In the above example, we found collisions under the function \(H_{mod3}\) – i.e., we could easily craft a message \(x'\) such that \(H_{mod3}\left(x\right) = H_{mod3}\left(x'\right)\) (just pick \(x' = x + 3k\) for any \(k \gt 1\)). We want a hash function \(H\) such that it is extremely hard to find collisions under it. Note that since a hash function must transform an arbitrary message into a fixed size output that is often much smaller than the input size, there will necessarily be collisions – a large number of them indeed. What is important is that it is extremely hard to craft a message that does not equal the original message, but whose hash still matches that of the original message.
It should be extremely hard to figure out the original message \(x\) from its hash \(H\left(x\right)\). Our modulo function \(H_{mod3}\) is actually pretty good at this — given the remainder of a number of when divided by 3, you cannot figure out the original number at all, even though you can reduce the number of candidates by only looking at the numbers that produce the given remainder when divided by 3. As you might notice, the degree of hiding offered by the hashing function depends on the range of values that the message variable \(x\) can take up: consider trying to hide the outcome of a coin toss. We’ll encode \(\text{HEAD}=0\), and \(\text{TAIL}=1\).
\[ H_{toss}\left(\text{outcome}\right) = \left(1 + \text{outcome}\right) \mod 2 \]
such that \(H_{toss}\left(\text{HEAD}\right) = 1\) and \(H_{toss}\left(\text{TAIL}\right) = 0\).

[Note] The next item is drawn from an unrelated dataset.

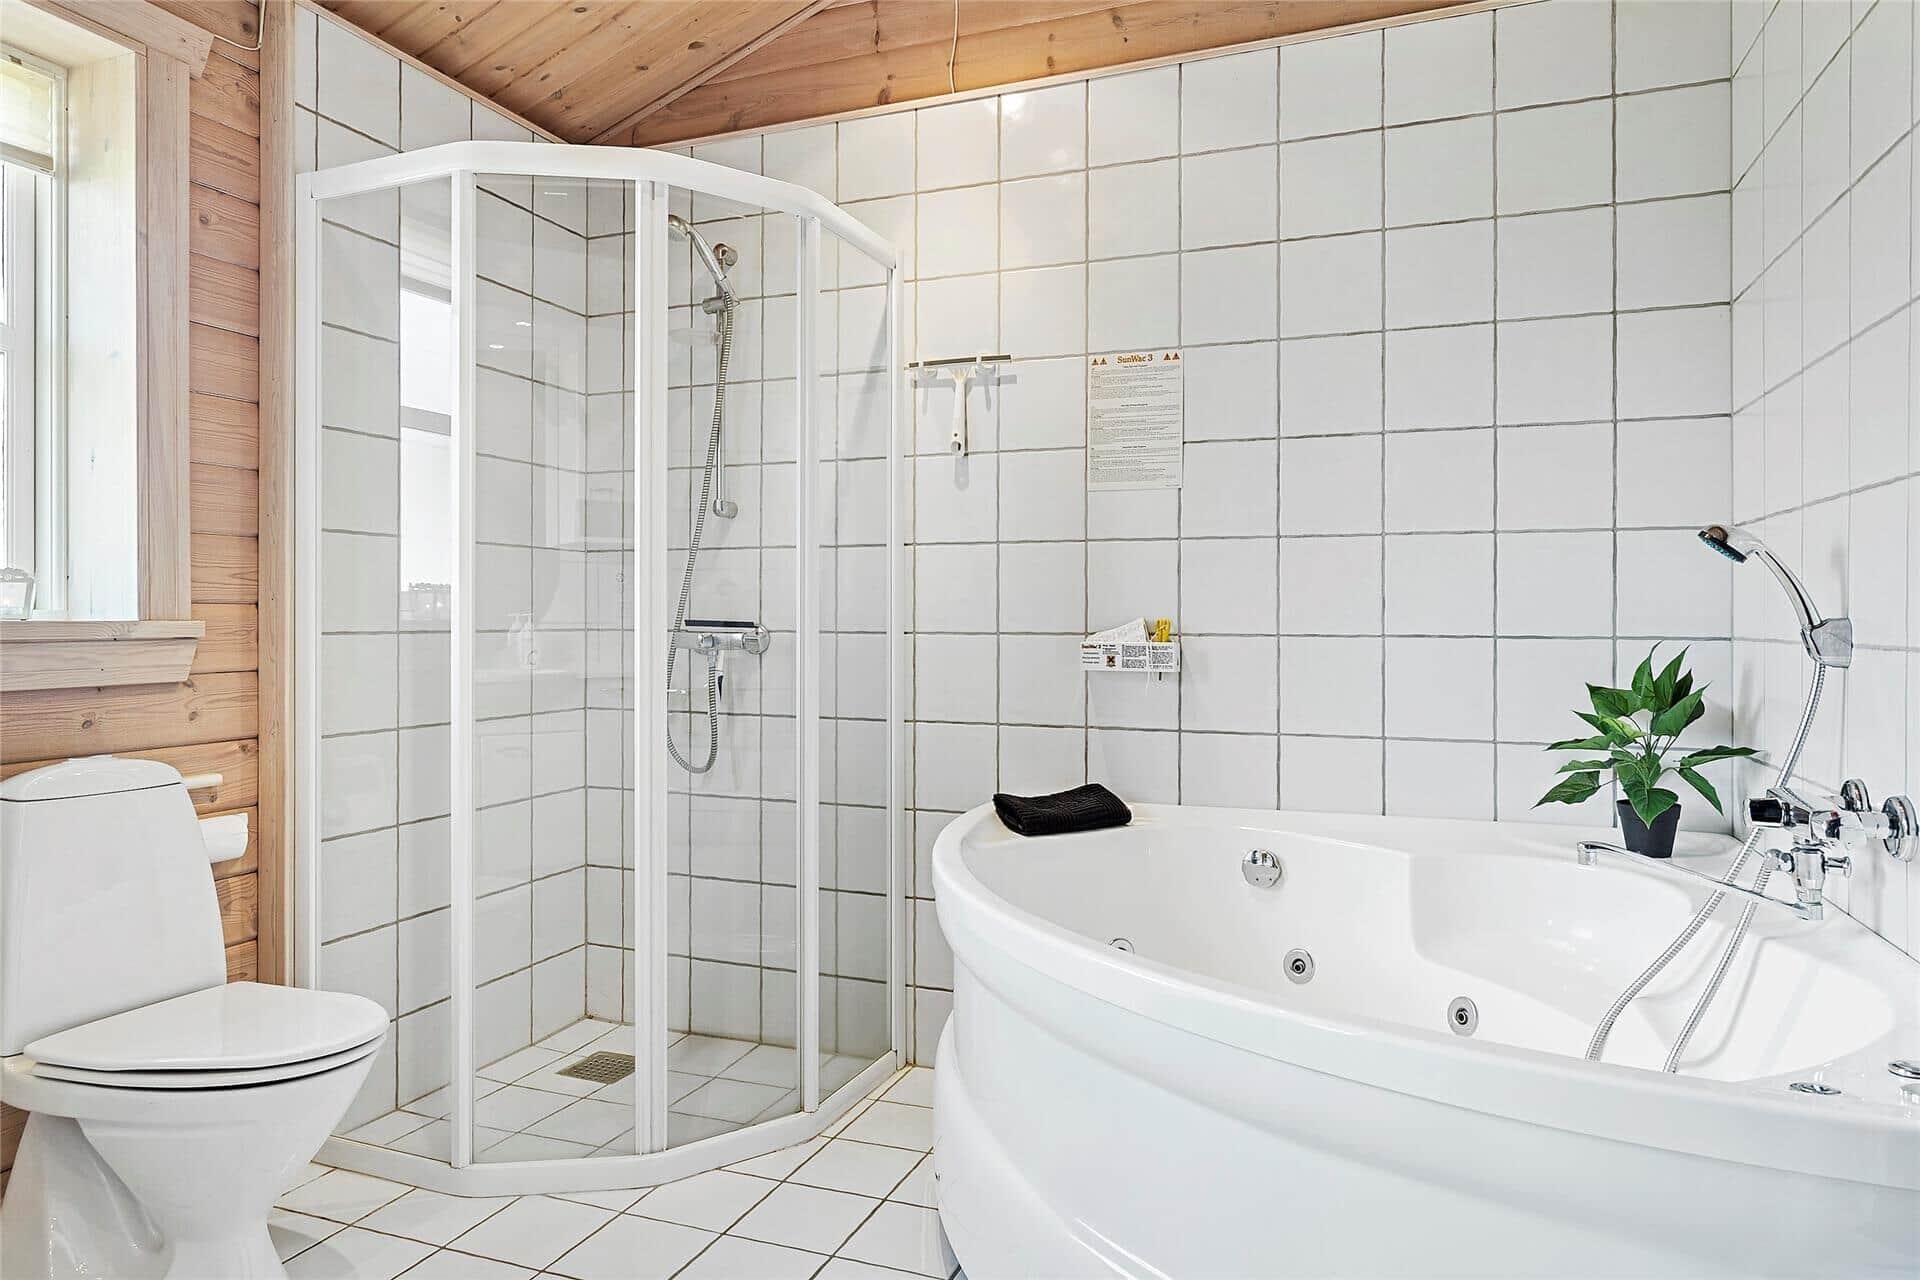 Bathroom 1 Image 3-19 Holiday-home 40505, Pøt Strandby 326, DK - 7130 Juelsminde

Now if the domain (\(\left\\{\text{HEAD},\text{TAIL}\right\\}\)) is known to the attacker, given a hash value 1, they might simply try hashing each value in the set to find out that the original message was HEAD. The problem here is that the message domain is easily enumerable. Now if we pick a random integer of, say 256 bits, \(r\) from a distribution with a high min entropy, and use its bits appended to the original message’s bits, we suddenly have an input space which is extremely hard to enumerate (\(2^257\) possibilities). So, now, given a hash value of 1, it is extremely hard for an attacker without the knowledge of the random key \(r\) to deduce the outcome of the toss. Min entropy of a distribution is simply the negative logarithm of the probability of the most probable value being taken up by the random variable distributed according to that distribution. For example, if you have a loaded die that shows a 6 50% of the times, with the other faces each having a probability of 10%, the min entropy of this distribution would be \(-\lg{\frac{1}{2}} = 1\), since the most probable value, 6, comes up with a probability $$. Intuitively, when all values in a distribution are negligibly likely, and no particular value is more likely than others, the distribution has a high min entropy, and it is increasingly difficult to enumerate such a distribution’s values to break the hiding property of a hash function.
For the sake of using hashes as challenges, as is done in cryptocurrency implementations, we need an additional property from a good hash function. Given a key \(k\) chosen from a distribution with high min entropy, and a set of target hash values \(Y\), it should be hard to find a value \(x\) such that the concatenation of \(k\) and \(x\) hashes to a value in \(Y\). More precisely, by “hard” we mean that no strategy of picking \(x\) values should be better than randomly picking \(x\) values and trying if \(H\(k|x\) \in Y\).